:: TASK DESCRIPTION ::
Nothing but the text belongs in the answer: the listing below, copied exactly, without pictures.

:: DATA PROVIDED ::
****************************************
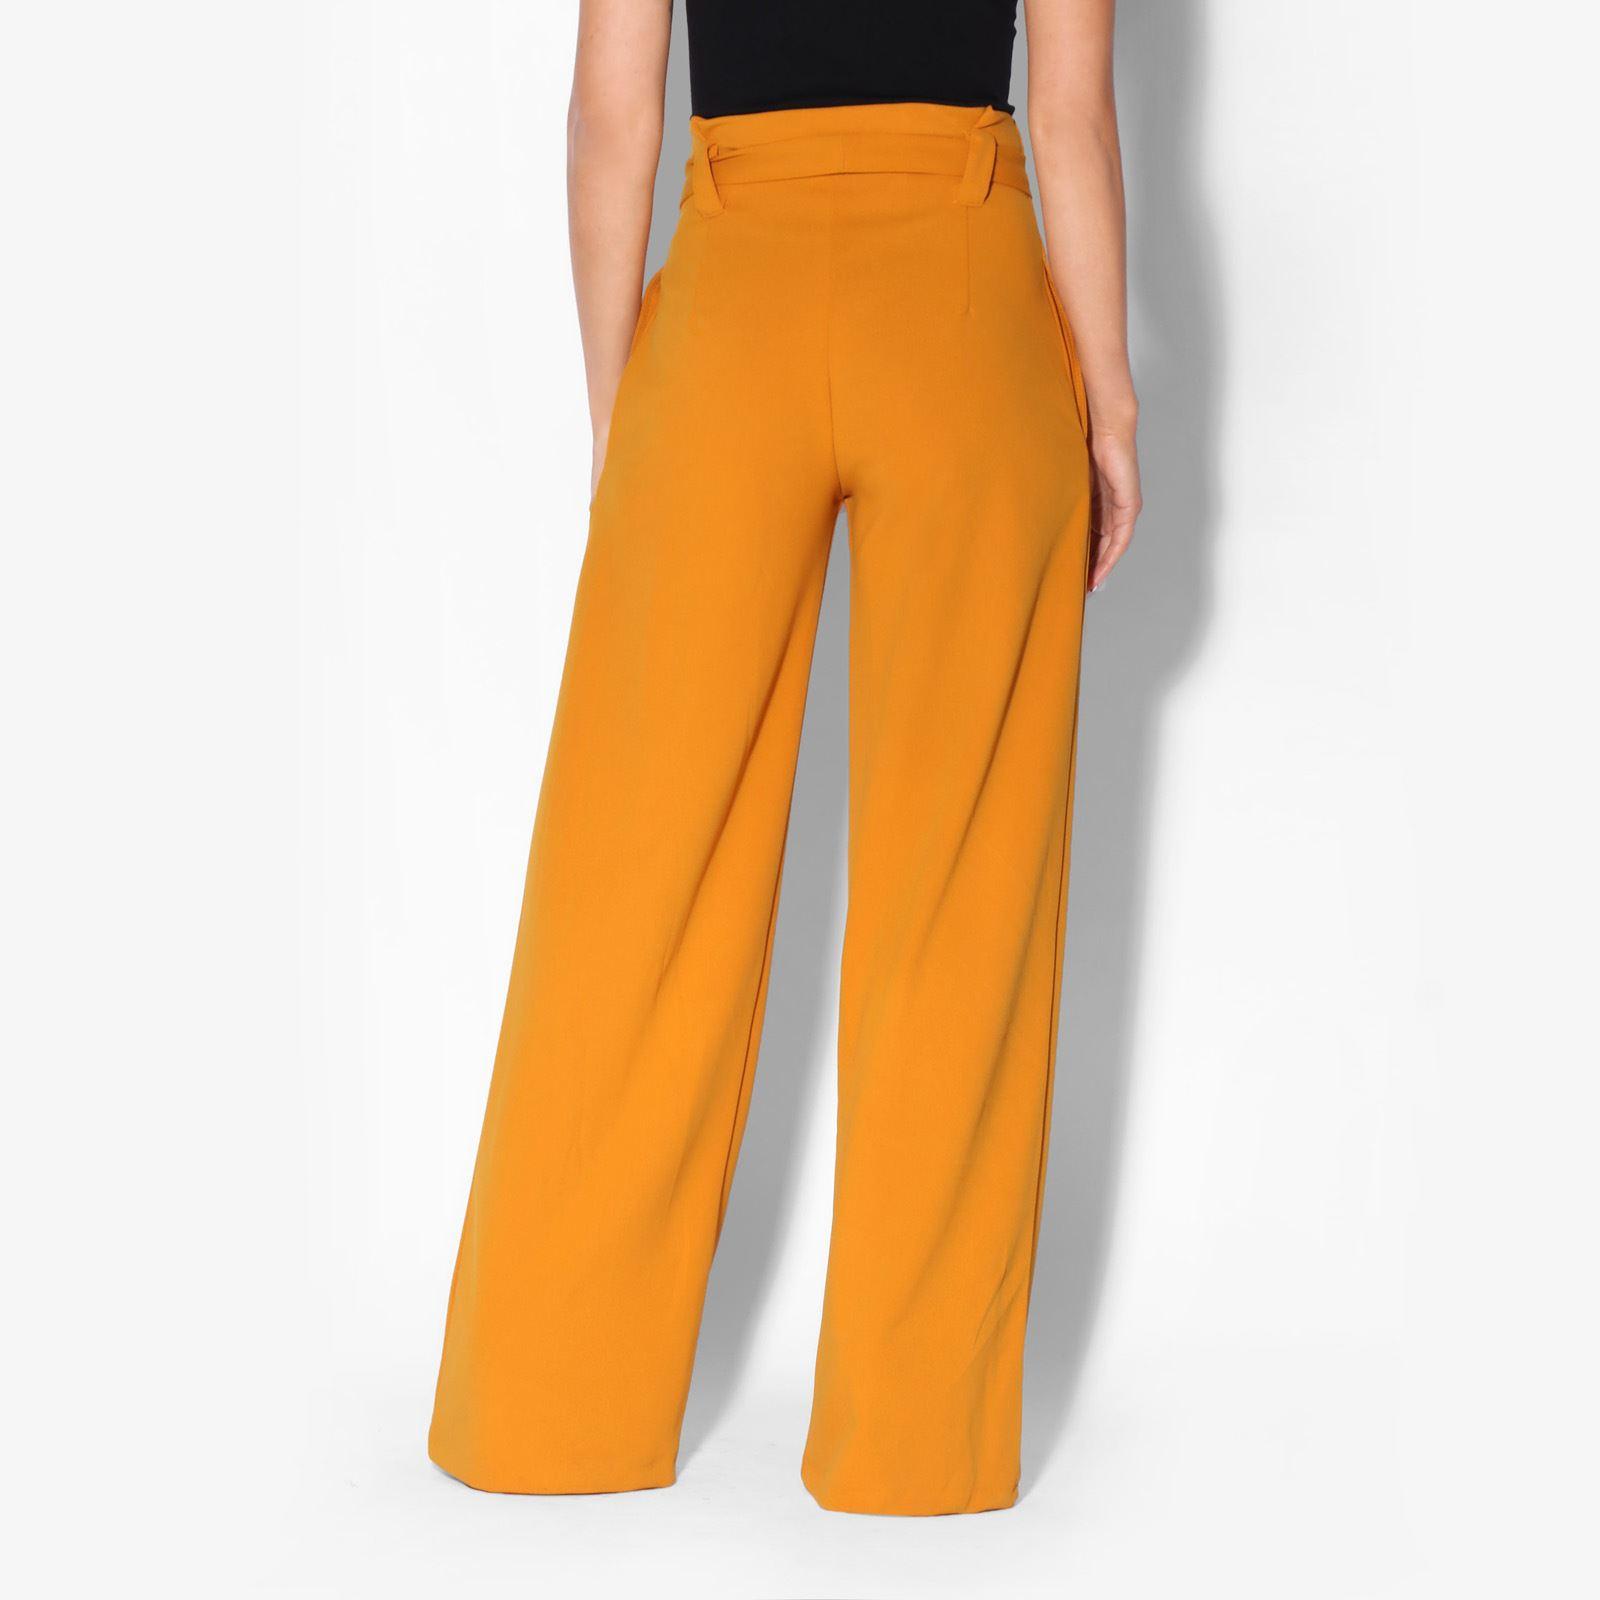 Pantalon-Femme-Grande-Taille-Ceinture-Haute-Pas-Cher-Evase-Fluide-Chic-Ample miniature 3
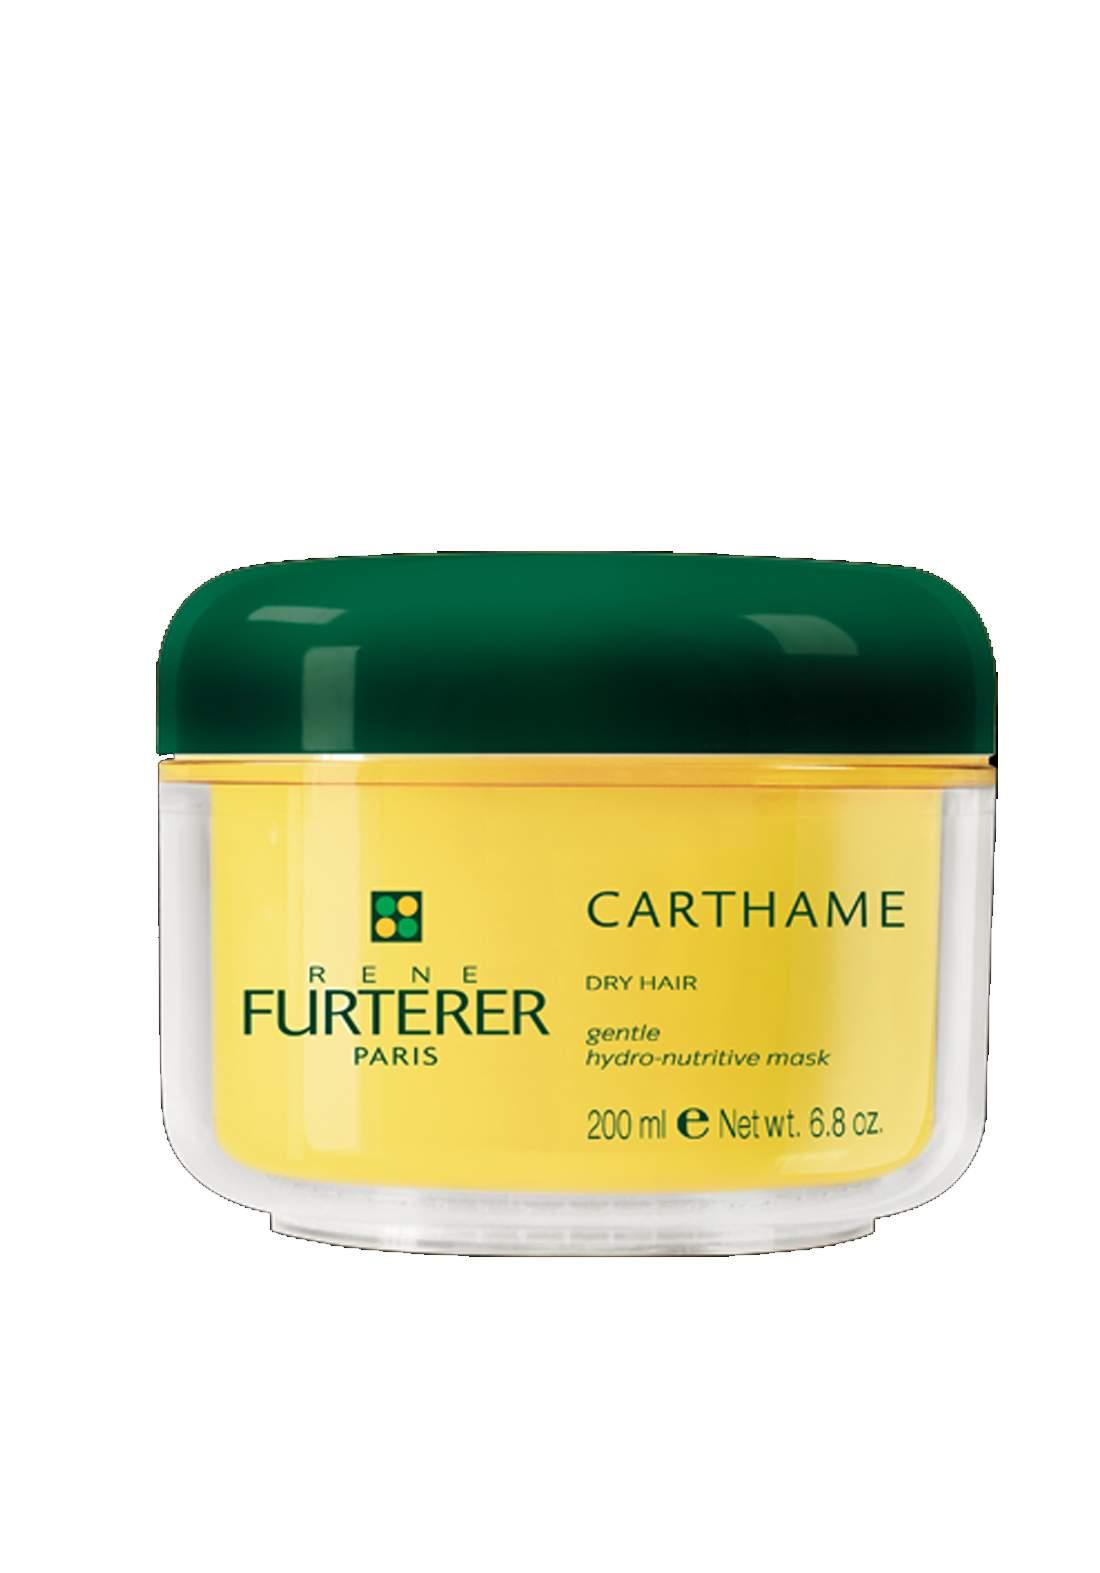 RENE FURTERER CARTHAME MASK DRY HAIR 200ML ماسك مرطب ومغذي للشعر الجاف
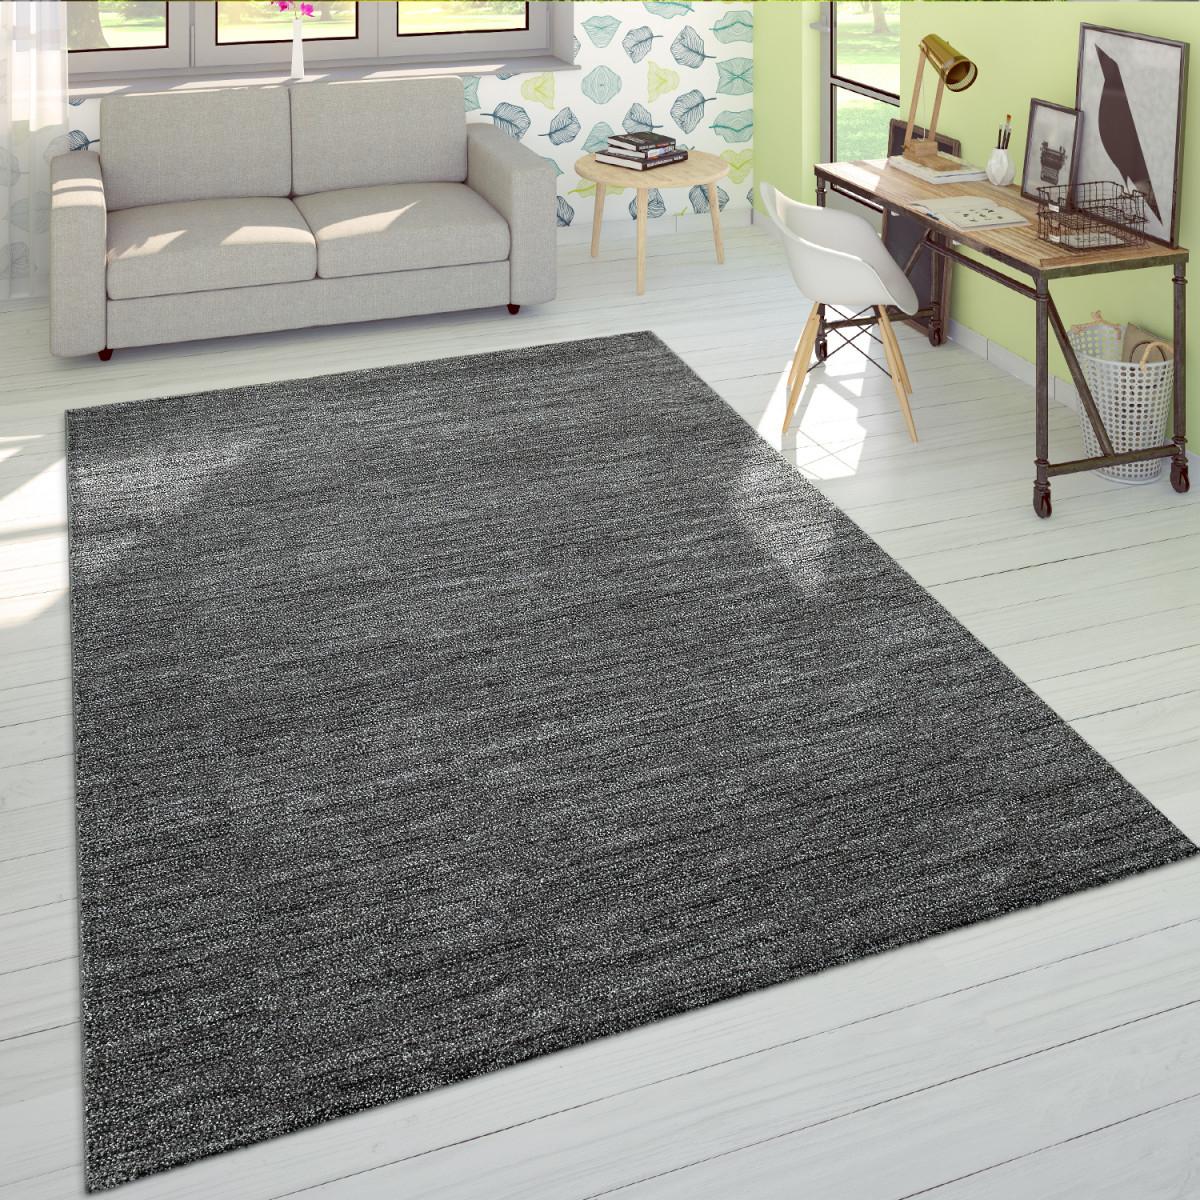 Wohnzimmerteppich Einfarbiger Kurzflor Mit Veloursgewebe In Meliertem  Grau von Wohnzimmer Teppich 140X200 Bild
****************************************
:: RESPONSE TO THE EXERCISE ::
 Pantalon-Femme-Grande-Taille-Ceinture-Haute-Pas-Cher-Evase-Fluide-Chic-Ample miniature 3
 RENE FURTERER CARTHAME MASK DRY HAIR 200ML ماسك مرطب ومغذي للشعر الجاف
 Wohnzimmerteppich Einfarbiger Kurzflor Mit Veloursgewebe In Meliertem  Grau von Wohnzimmer Teppich 140X200 Bild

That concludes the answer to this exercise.